_Supplied data_

+-------+

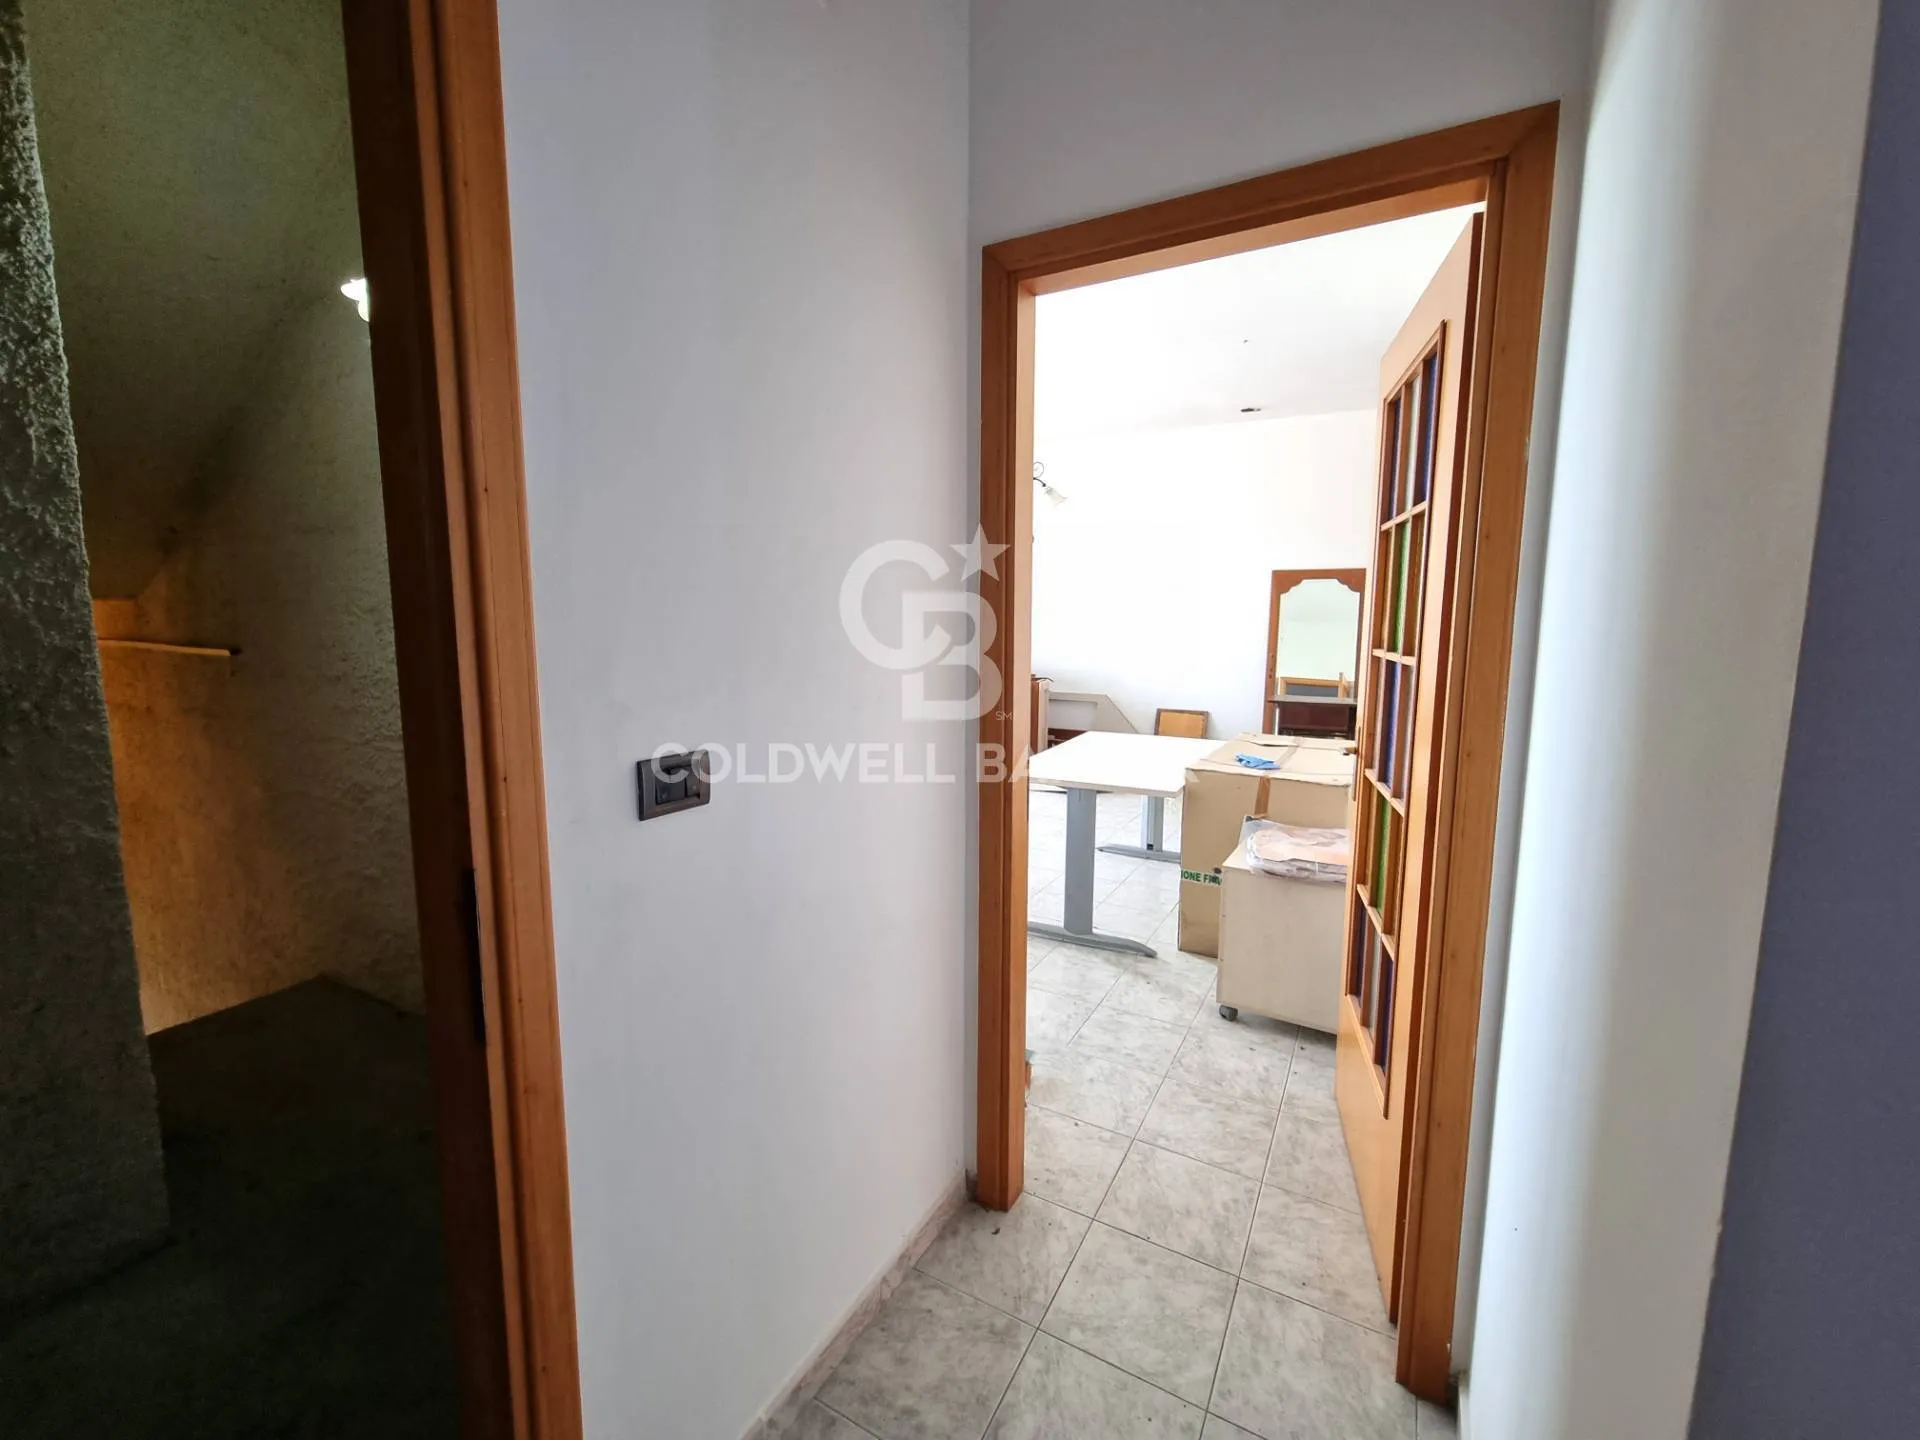 Immagine per Appartamento in vendita a Canicattini Bagni via canale
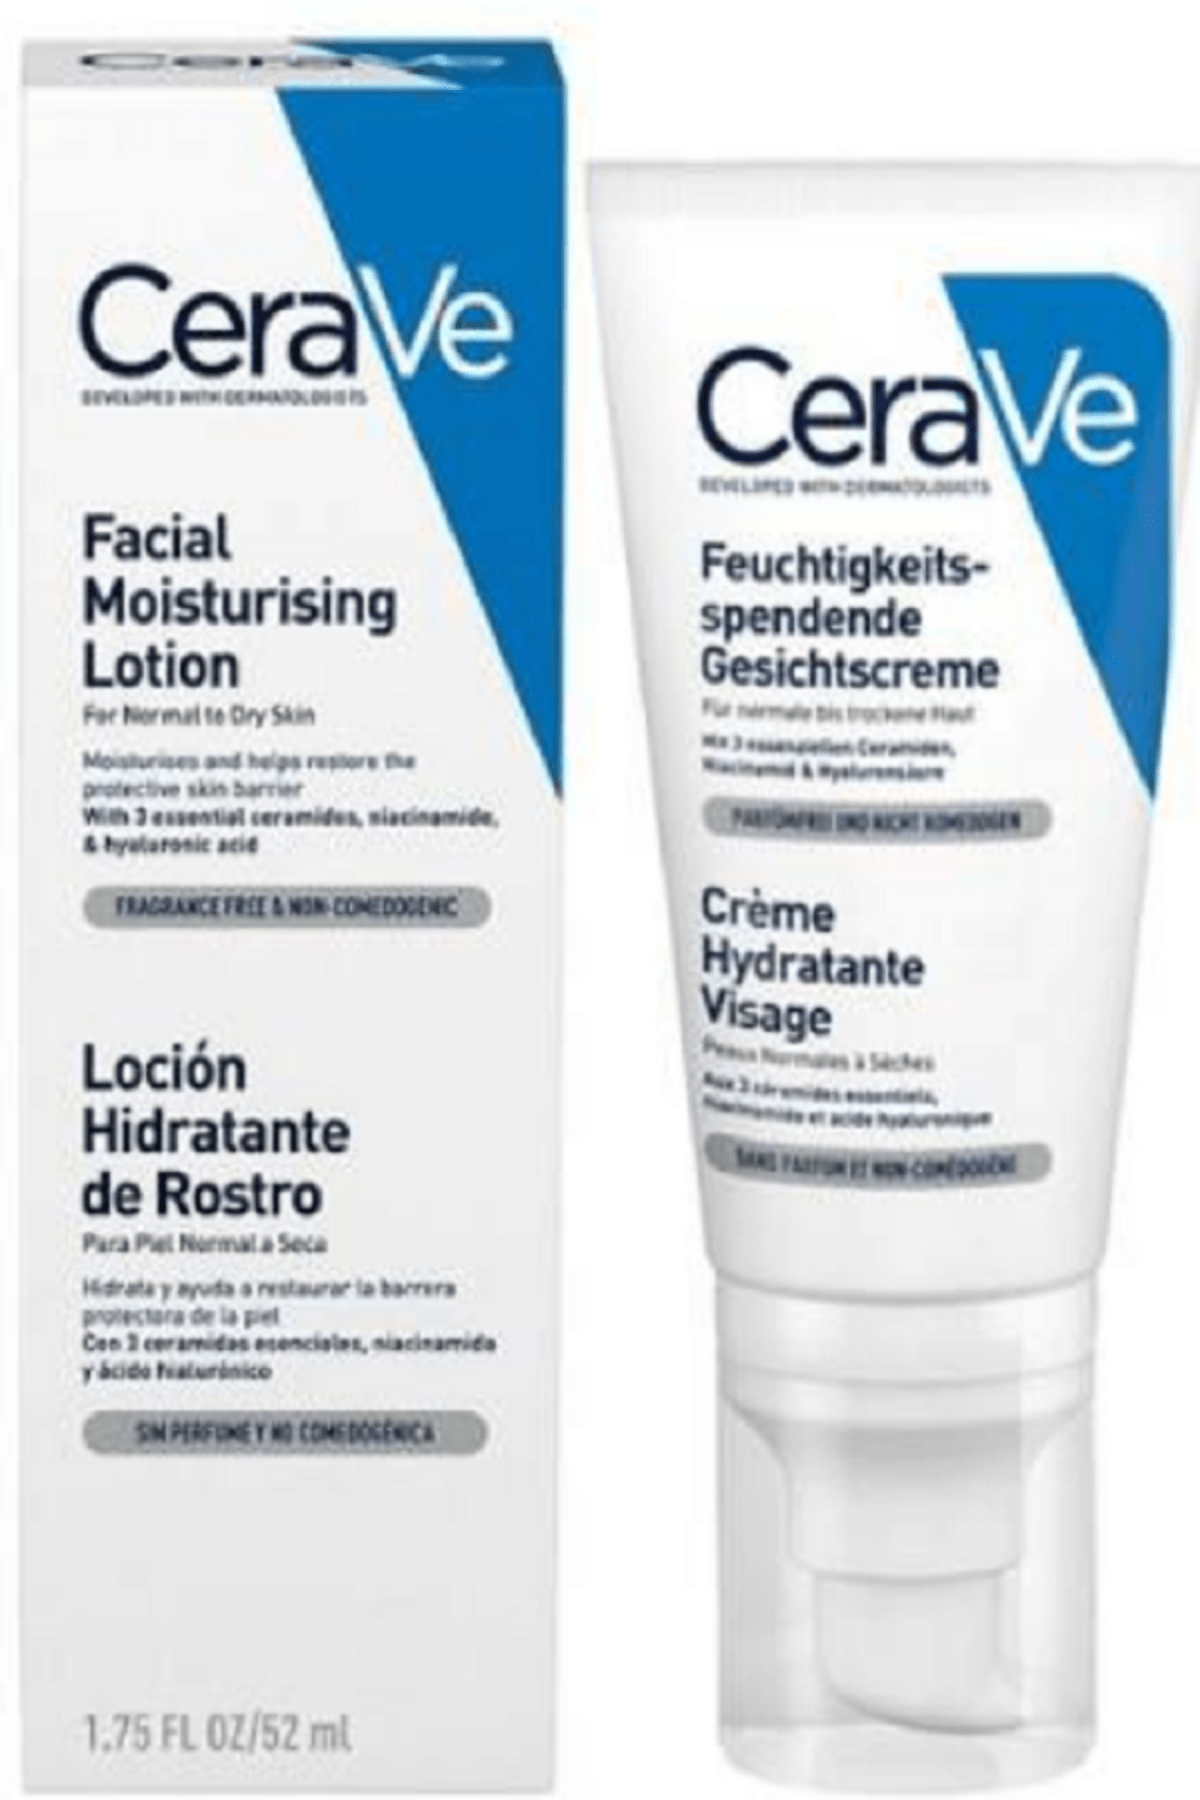 CeraVe Facial Moisturising Lotion Pm 52 ml
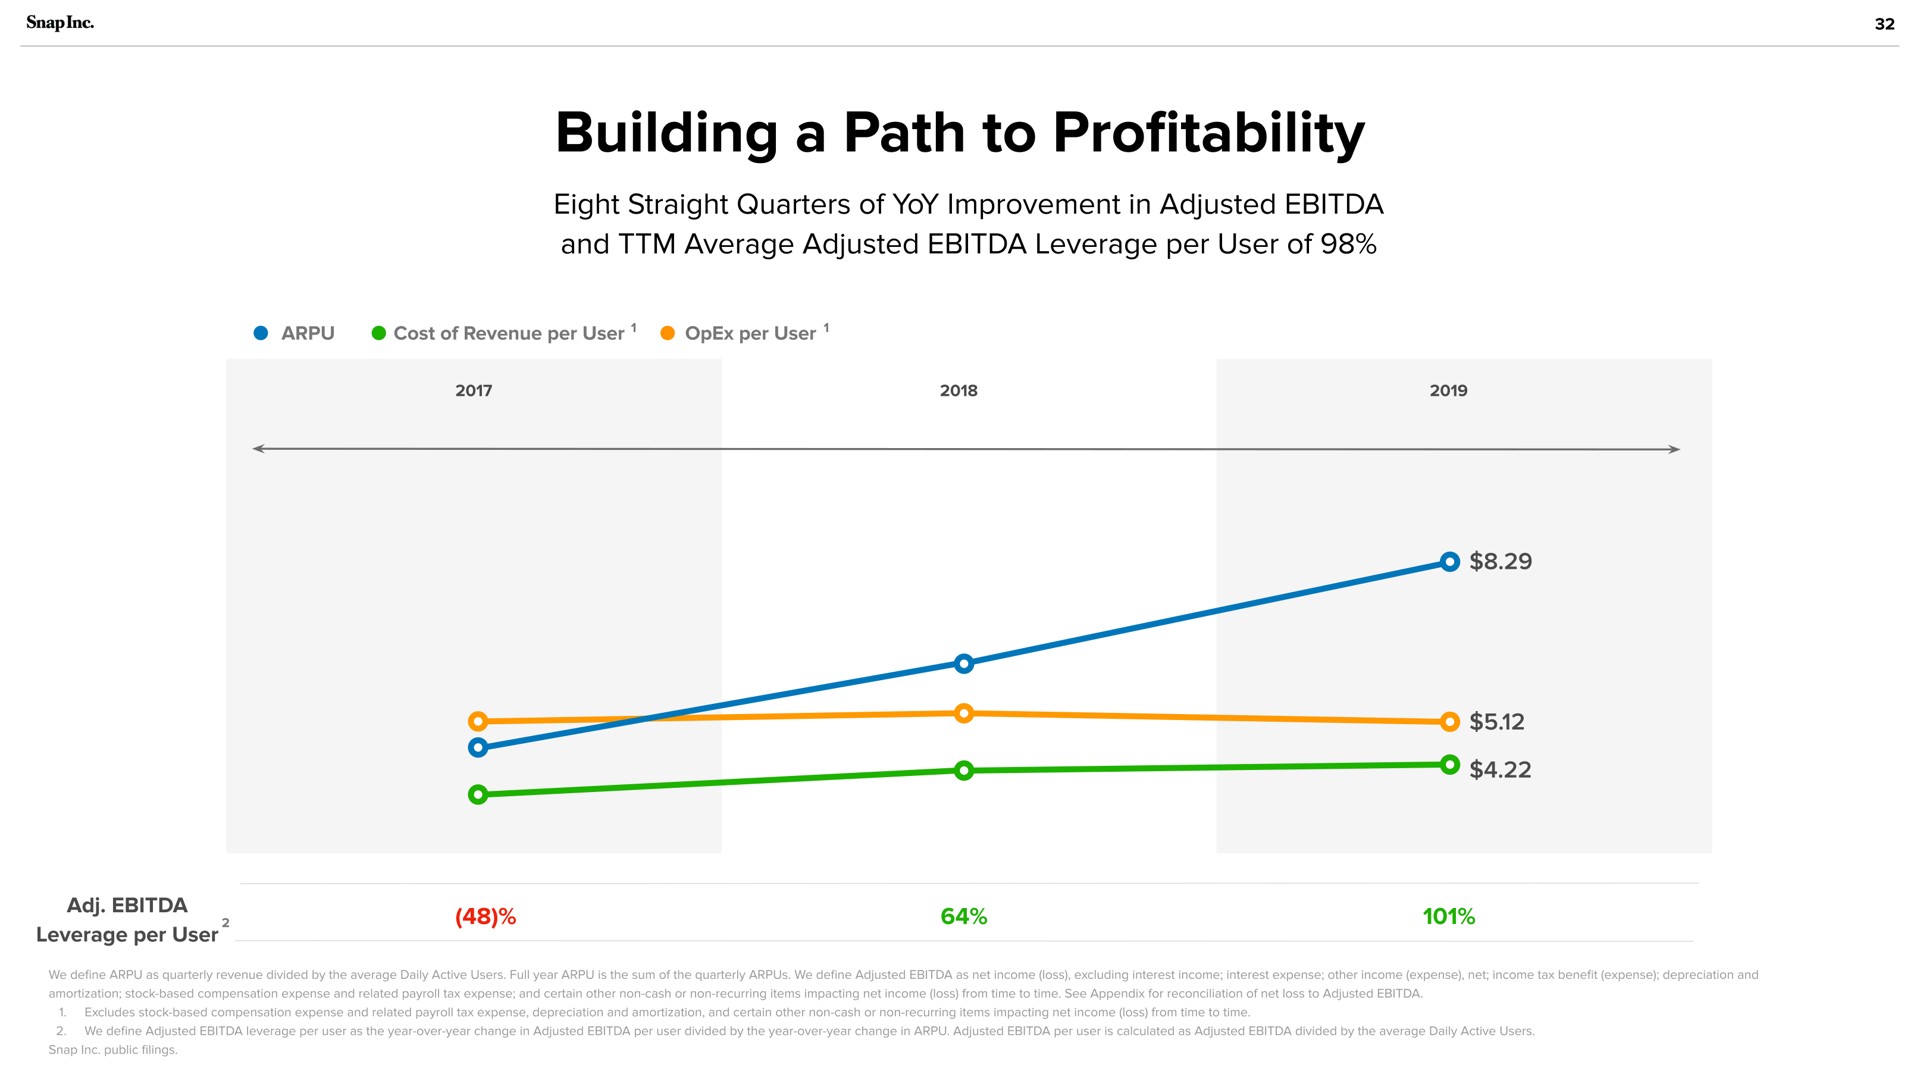 building a path to profitability | Snap Inc

+-------+

Locate the line containing "CeraVe Facial Moisturising Lotion Pm 52 ml" in the material above, then repeat it and every later line exactly, with no pictures.

 CeraVe Facial Moisturising Lotion Pm 52 ml
 building a path to profitability | Snap Inc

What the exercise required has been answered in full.